Causal Relationship between Severe Headache and Enhanced Hypertrophic Dura Matter
The headache in this case is exacerbated by reclining. It is speculated that this was caused by a decrease in hydrostatic pressure due to recumbency, resulting in a decrease in venous drainage of cerebrospinal fluid and an increase in intracranial pressure. Coronal image demonstrated linear dural thickening and enhancement along the middle cranial fossa shown in Figure 1. The middle cranial fossa dura matter is fed by meningeal arteries that are rich in sensory nerves from the trigeminal nerve. Unmyelinated nerve fibers derived from the trigeminal ganglion are distributed to the dural arteries and serve to transmit the noxious pain [2,3].

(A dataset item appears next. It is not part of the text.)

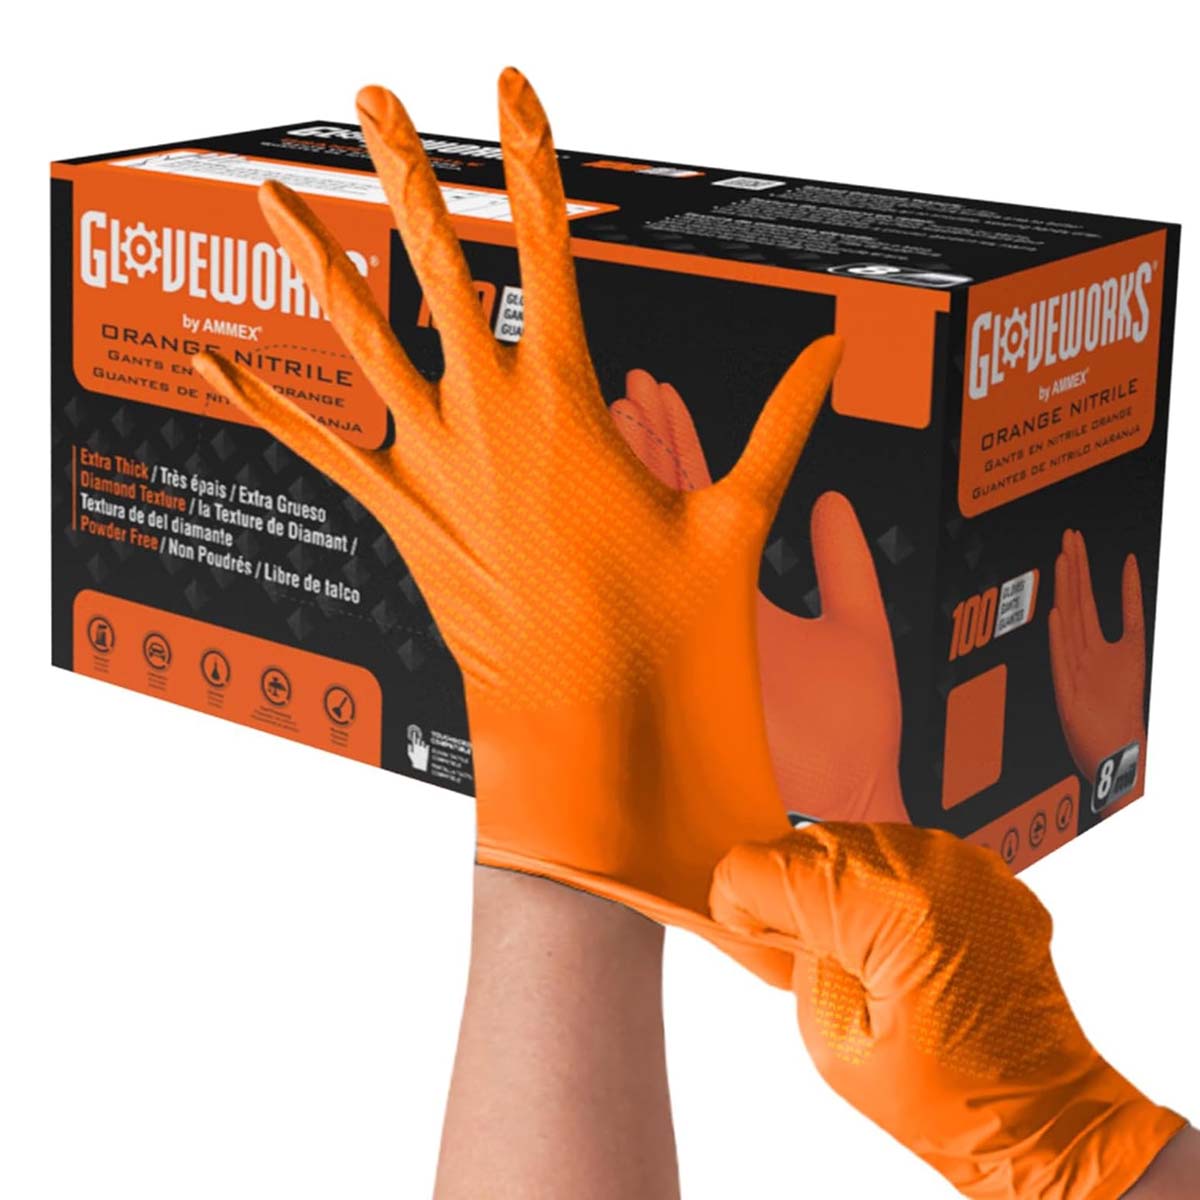 A box of Gloveworks Nitrile Disposable Gloves with hands wearing orange gloves.

Organic solvents are easily absorbed and caused acute poisoning, however if it was single exposure, it was metabolized and evacuated quickly from each organ. But invasion of organic solvent into the vascular wall caused inflammation of the vascular wall and perivascular soft tissues. Poor microcirculation of dura matter and skin of the lower limb failed to cure the inflammation. This must be the reason of chronic vasculitis after single exposure of organic solvents. It is well known that skin vasculitis is common symptom after organic solvents contamination . Such vasculitis occurred to the everywhere in the body. The patient’s vasculitis remained only in dura matter and lower limb where microcirculation is not enough to evacuate inflammation substances. This case taught us single exposure of organic solvents caused vasculitis in the skin and severe headache, if patient’s headache exacerbated by recumbency, Gd-enhanced MRI is necessary to prove the inflammation of dura matter.
- Winder C, Turner PJ (1992) Solvent exposure and related work practices amongst apprentice spray painters in automotive repair workshops. Ann Occup Hyg 36(4): 385-394.
- Asger MS, Hansen AE, Kapijimpanga T, van der Geest RJ, van der Koning P, et al. (2010) Dilatation by CGRP of middle meningeal artery and reversal by sumatriptan in normal volunteers. Neurology 75(17): 1520-1526.
- Amin FM, Asghar MS, Guo S, Hougaard A, Hansen AE, et al. (2012) Headache and prolonged dilatation of the middle meningeal artery by PACAP38 in healthy volunteers. Cephalalgia 32(2): 140-149.
- Maki S, Nawata H, Ogawa Y (2011) Analysis of organic solvent poisoning occurring in Japan from 1995 to 2006. San Ei Shi 53(3): 87-100.